There is no way to give and receive

properly; this is the great dilemma facing all.

When I’m invited and I must pick

a gift I feel defeated and sick.

Any civil, obligated exchange

makes me feel insufficient and strange.

Life is our gift but life

was given for what reason? She kissed me

three times. If I kiss her back twice, my lack

will tire out excuses, but counting out three

will be very dull of me.

And if my response is to kiss her four

times this might lead

to weariness and need

and she might not kiss me anymore.

Giving involves so much anxiety

Person after person closes up.

I always find it odd

when people stop giving, yet God

allows lives to be plundered

even though they prayed, obeyed, and wondered.

Now that I have lived awhile,

Gifts resemble a superficial smile.

We must work so hard

for a gift of glass, a shard.

I wrote poems to her who did not write poetry

and it filled her with absence and jealousy.

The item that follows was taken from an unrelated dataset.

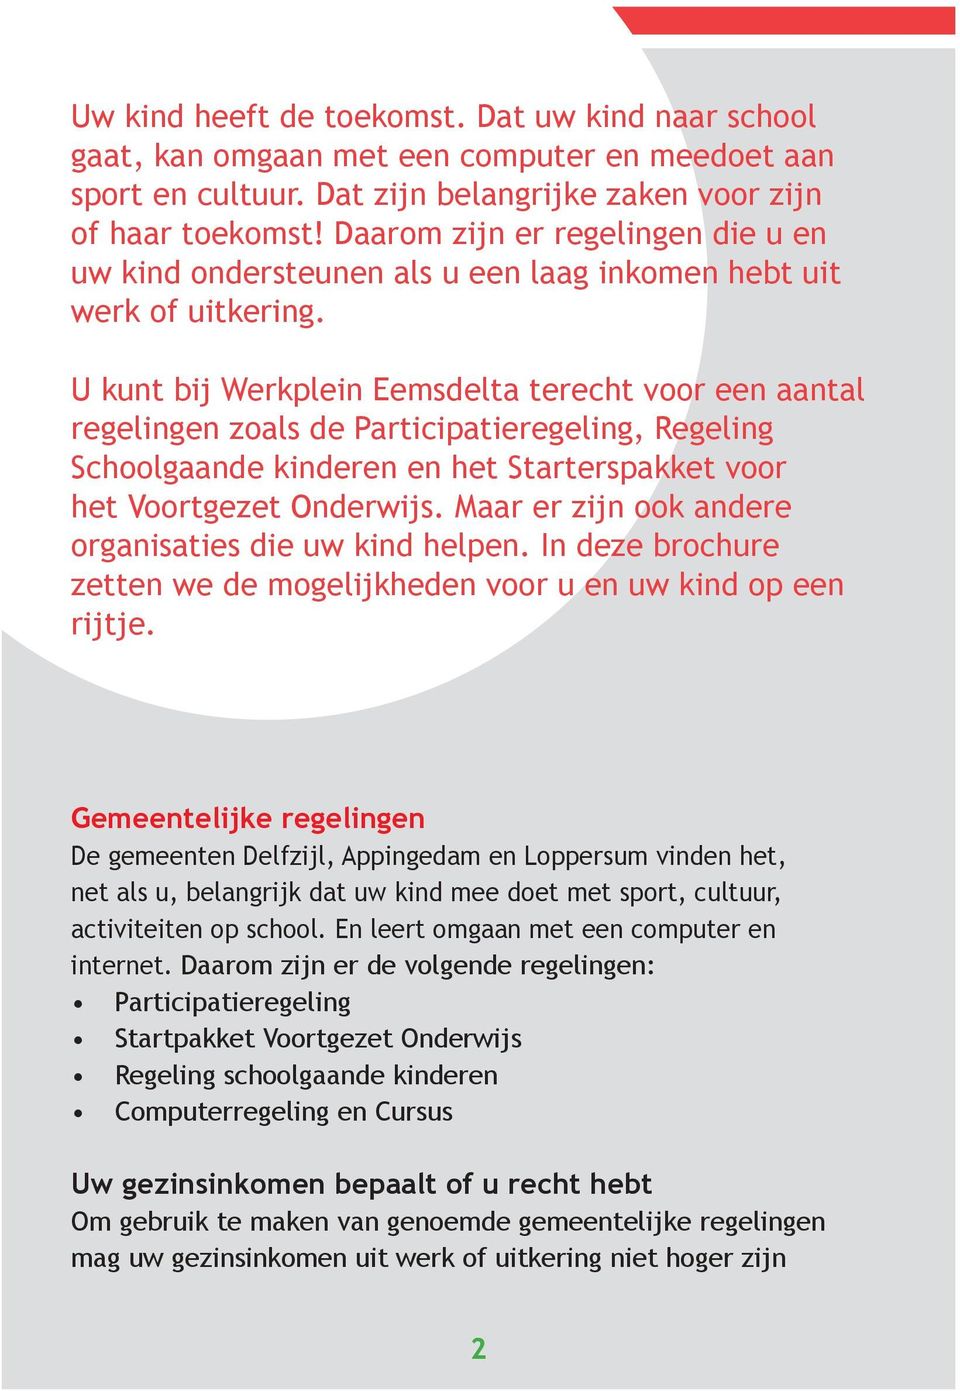 U kunt bij Werkplein Eemsdelta terecht voor een aantal regelingen zoals de Participatieregeling, Regeling Schoolgaande kinderen en het Starterspakket voor het Voortgezet Onderwijs.

Do I count myself misunderstood

if my gifts were greater than her good?

She represented something better

than my kiss, than my letter:

She was God’s face. When I gave,

I filled with poems my own grave.

She received my poems with her eye

and then on my birthday

she did something sly—

she sent me a photo of flowers

she picked and arranged;

the picture of her bouquet

was a poem I could never throw away,

flowers I could never smell or touch.

A gift lasts forever

or isn’t very much.

She had figured out the gift to give

which duplicated mine.

I’m an idiot (who lost her). Her gift was a secret sign

she was more intelligent than I was; she was more divine.

Her gift was the best, but I failed to see

I’m a pitiful poet and should give up rivalry.